Jo Burston’s Rare Birds launches world’s first women-only talent agency in Australia
Friday, September 22, 2017/
It is hard to believe but September 21, 2017 is the day the world’s first full-service women’s-only talent agency opened its doors, with Australian women at history’s helm.
Jo Burston, the Inspiring Rare Birds founder, has joined forces with Lucy Perry, the agency’s executive director, to bring Rare Birds Speak to life. By representing Australia’s most remarkable, accomplished and inspiring female speakers, game changers, media commentators, story-tellers and subject matter experts, they are hoping to deliver real change.
Media extraordinaire Sandra Sully, confidence expert Kemi Nekvapil, Muslim ex-soldier and hostage survivor Rabia Siddique, disability advocate Carly Findlay and climate change pioneer Parrys Raine are among the talent already signed on.
The organisation’s mission is to “create gender balance on stages and pages all over the world” and both Burston and Perry are hopeful that the agency will render All Male Panels a relic from the past.
“I’ve been on the professional speaking circuit for more than a decade and I am often the only female speaker at events,” Perry says.
“Without female talent the audience is only getting half the story. It is time for audiences to get the full story.”
Burston says the panel pledge, signed by Male Champions of Change who agreed not to speak at events without gender balance, planted the seed for this business.
“The panel pledge highlighted a serious problem and brings some major corporates to the table and Rare Bids Speak is delivering the commercial solution. We’re giving these incredibly talented women a way to be more visible and industry a way to access the best female talent.”

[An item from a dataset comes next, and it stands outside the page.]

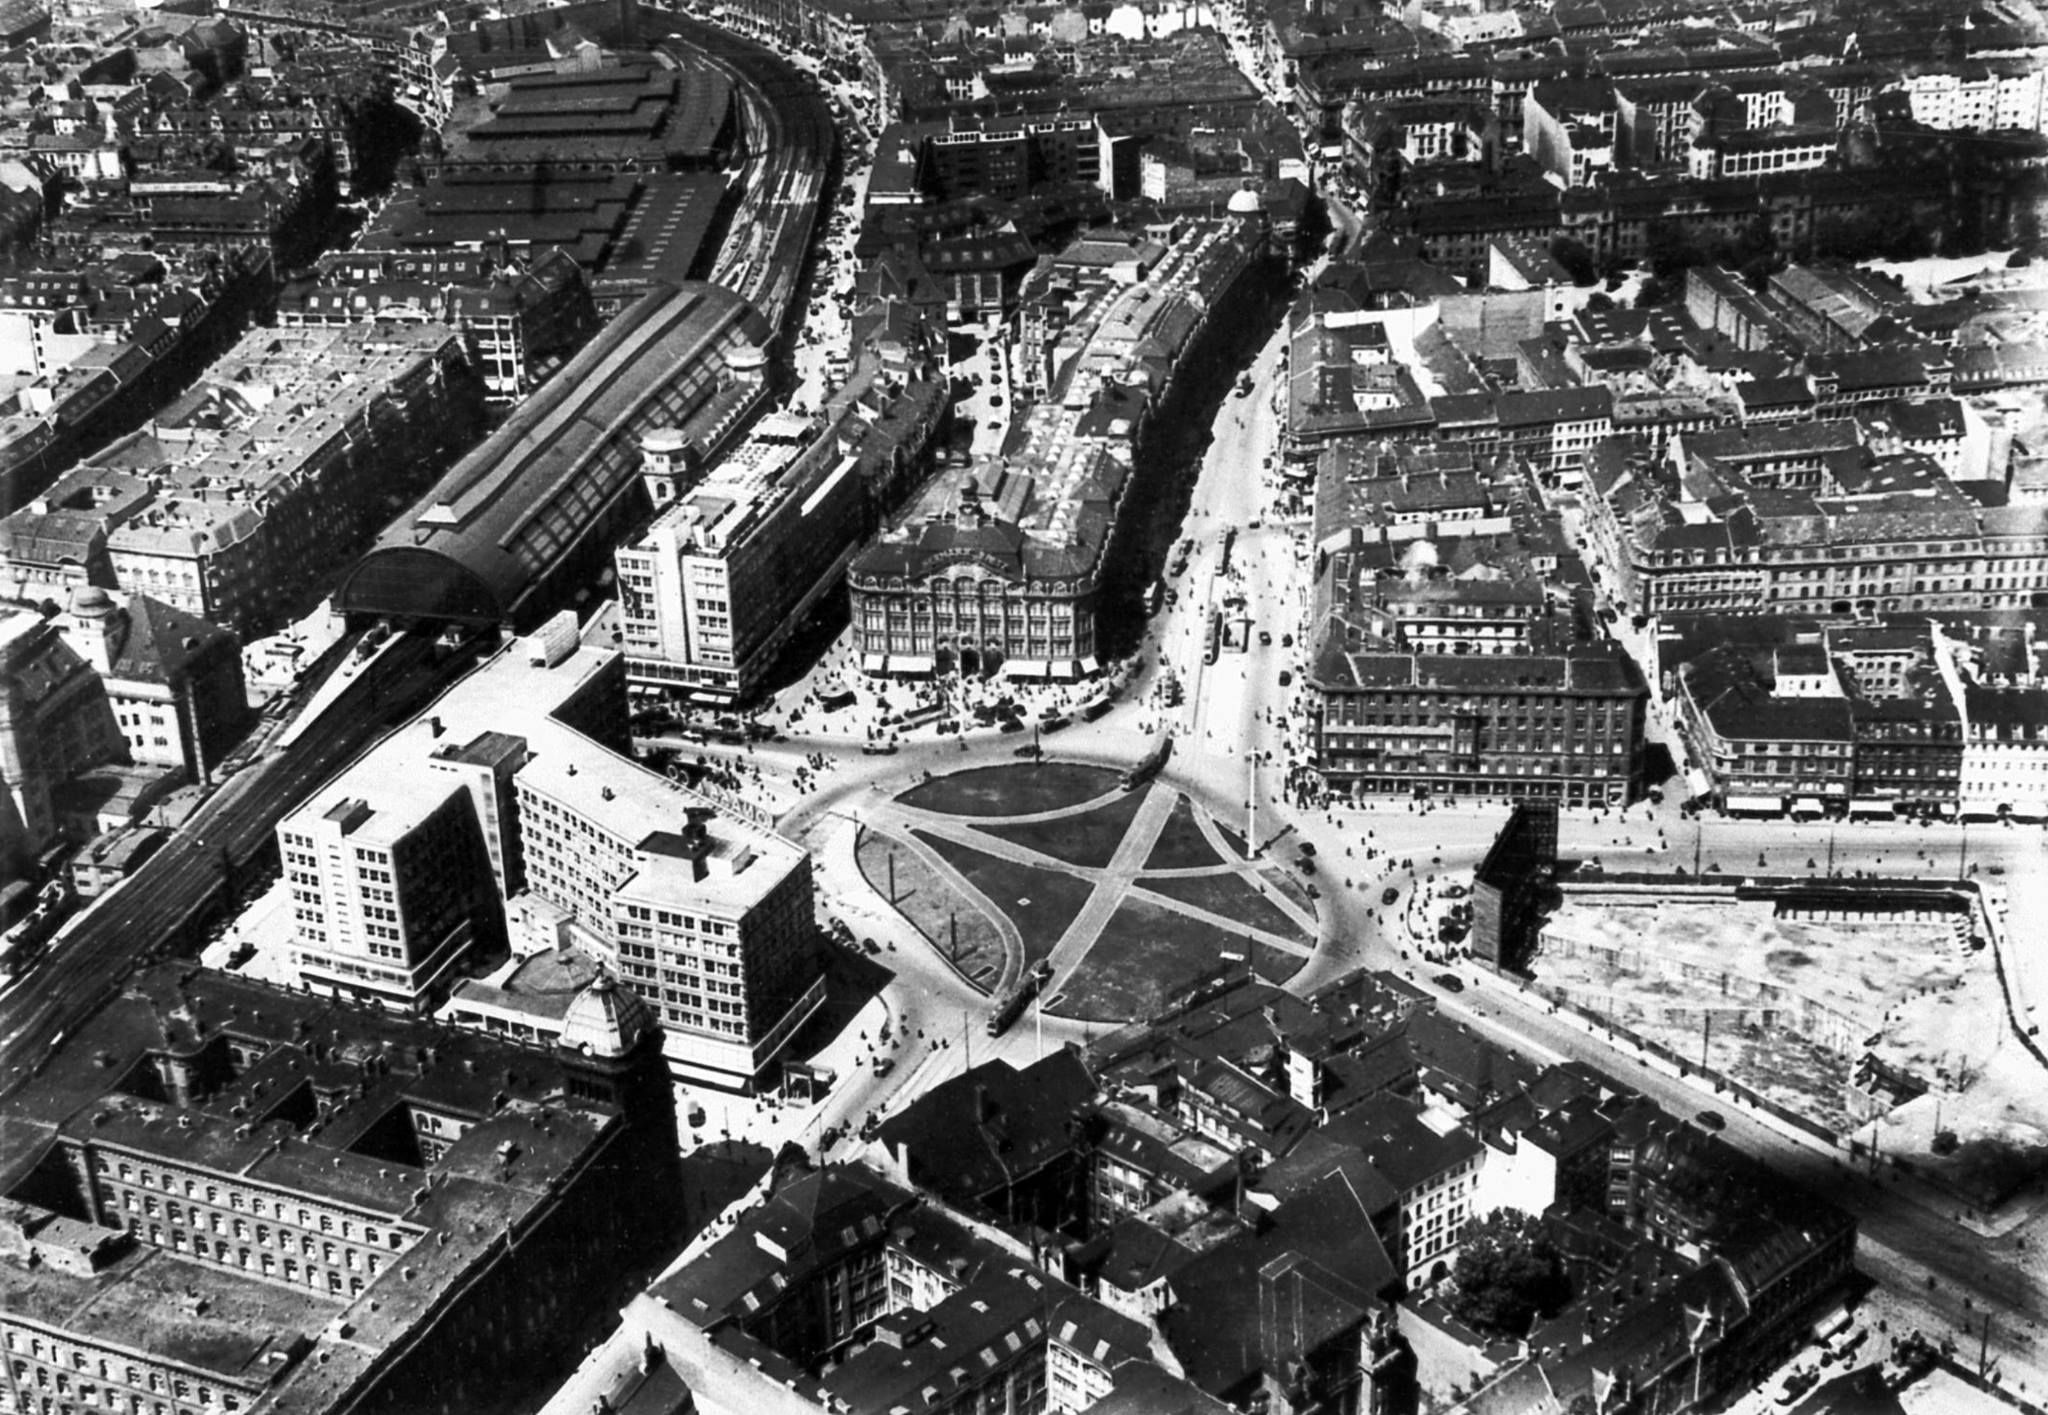 1935 Luftaufnahme Berlin Alexanderplatz Nach Der Umgestaltung Berlin Old Photos Historical Place

— Jo Burston (@JoBurstonCEO) September 20, 2017
As it stands 15% of panelists and keynote speakers in Australia are female, less than 21% of experts quoted in the media are women and in the business press this drops of 12%.
Speaking at the launch in Sydney on Thursday Perry quoted the former federal sex discrimination commissioner, Liz Broderick, who said “If you don’t intentionally include women, the system unintentionally excludes.”
Enough is enough.
“Excuses like “there aren’t any women in this field’ just don’t cut it anymore,” Perry says.
The reality is there are bucket loads of talented, fascinating female speakers and the demand for their stories is growing.
— Debbie Platz (@debbie_platz) September 19, 2017
We’re unearthing emerging talent from sport, science, business, start-ups as well as signing on award-winning international speakers. Their stories are gobsmacking and they aren’t yet being placed on centre stage but we’re about to change that.”
The importance of another thorny issue for female speakers – being paid appropriately – was made clear when an attendant at the launch recounted an eye-opening experience.
Earlier this year she was asked to speak at an international summit in Copenhagen, an invitation she was honoured to receive. While there she was chatting to a male friend who asked what fee she had secured for the appearance. When she said nothing, his jaw dropped, he said he was being paid $15K and said she needed to get with the program.